I'm looking for a way to apply some aggregation methods within a PMML model (with no specific example, just to see if it is possible)
In the documentation of PMML Transformations page there is a passage on Aggregate, defined as a way to apply six functions: Count, Sum, Avg, Min, Max and Multiset.
Does this mean that there is a way to generate a transformation inside a PMML model that will be able to collapse multiple rows of input data into a singular row of prediction? I was unable to find such an example (or any example at all), while this post states that only singular row operations are supported within PMML.
Searching further, the Sklearn2PMML Library has an "Aggregator" method, but this only generates a transformation within a single row, like getting an average out of two columns.
This code:
iris_pipeline = PMMLPipeline([
("mapper", DataFrameMapper([
(["Sepal.Length", "Petal.Length"], [ContinuousDomain(), Aggregator(function = "mean")]),
])),
])
Is able to generate a simple transformation, instead of Aggregate function.

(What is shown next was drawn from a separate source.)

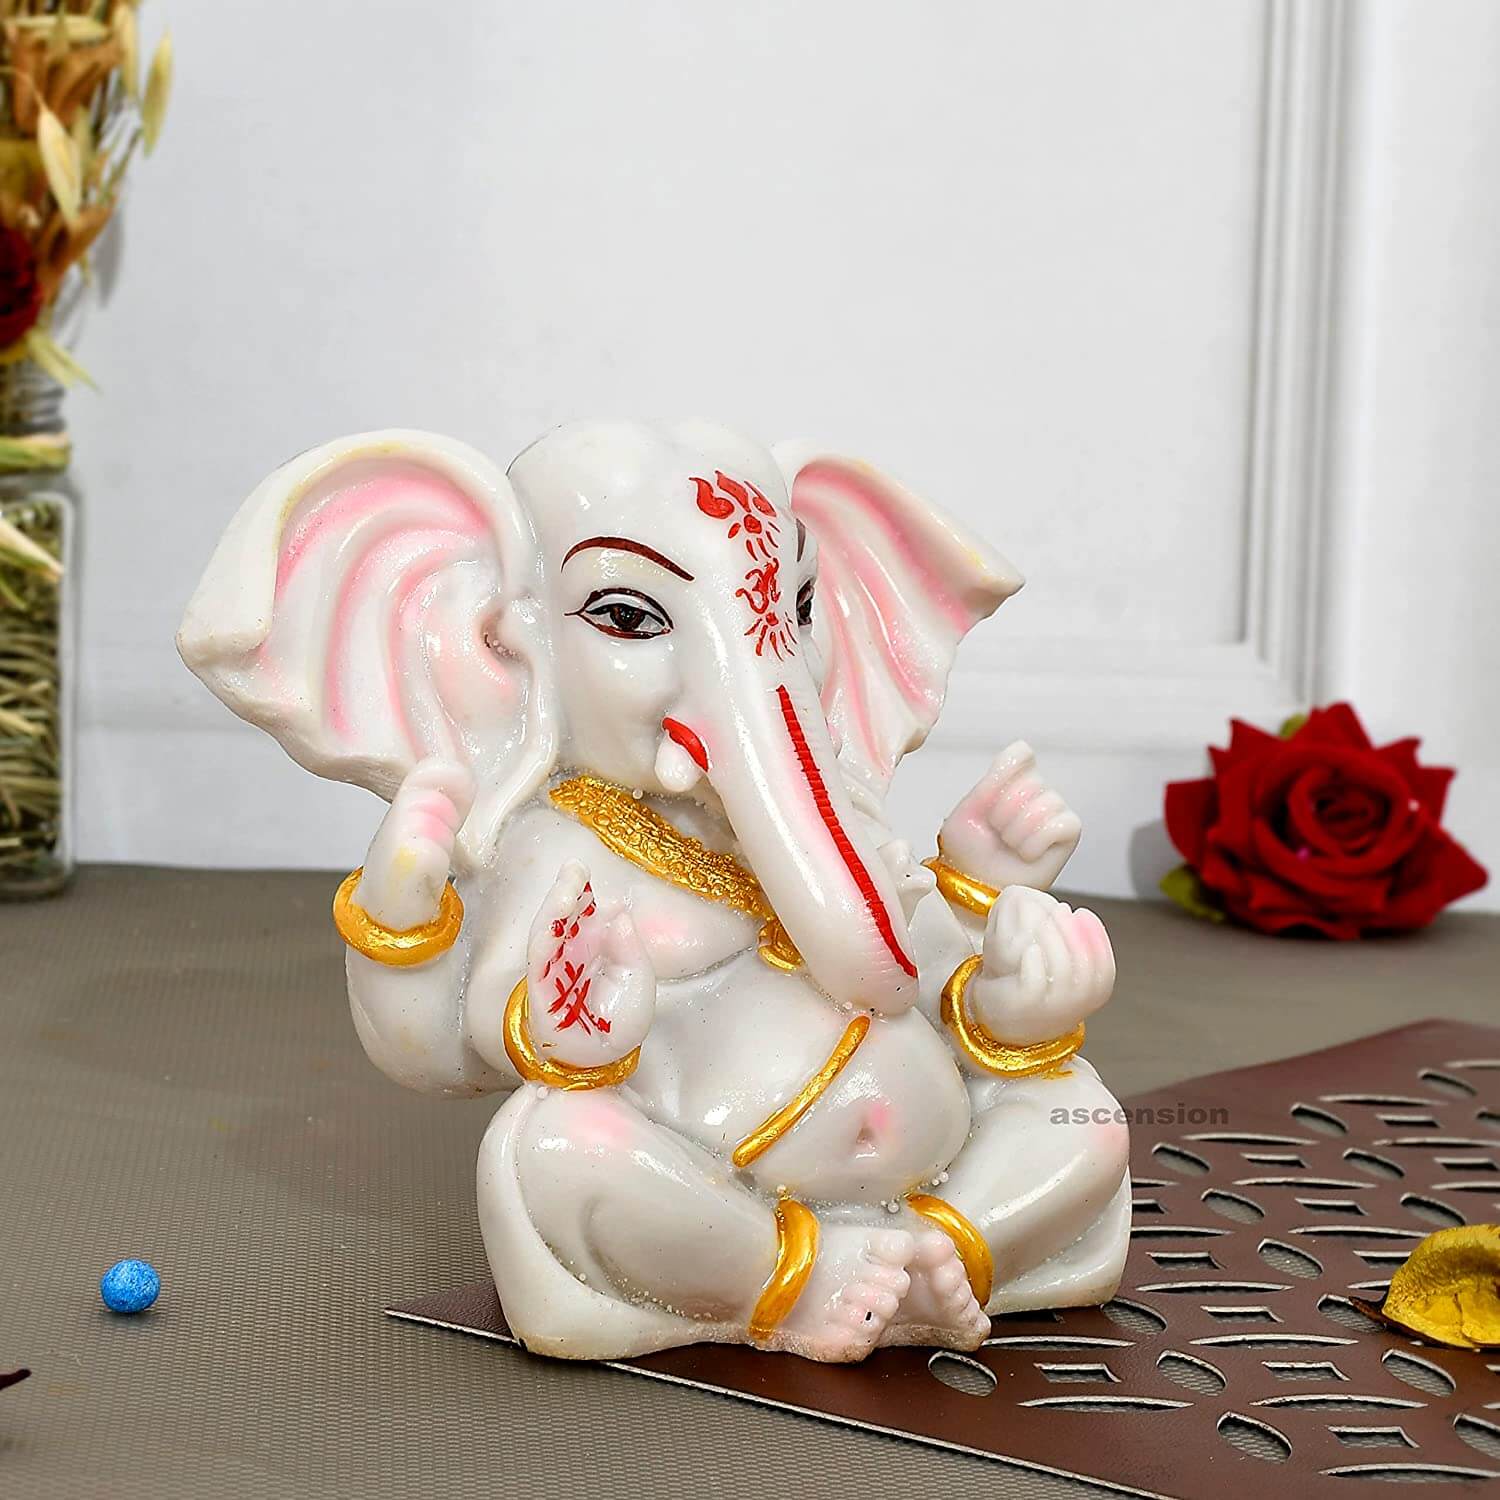 Ascension Handcrafted Polyresin Eco Friendly Lord Ganesha Ganpati Idol  Figurine Lord Ganesha Statue Showpiece for Home Decoration Diwali Puja Home  Decoration Festival Gifts (Multicolor) -

<TransformationDictionary>
<DerivedField name="avg(Sepal.Length, Petal.Length)" optype="continuous" dataType="double">
<Apply function="avg">
<FieldRef field="Sepal.Length"/>
<FieldRef field="Petal.Length"/>
</Apply>
</DerivedField>
</TransformationDictionary>
TL;DR:
Example of what I would like to achieve:
Is there any way to do it inside the PMML model, or should I try to generate such preprocessing actions before applying the data for prediction?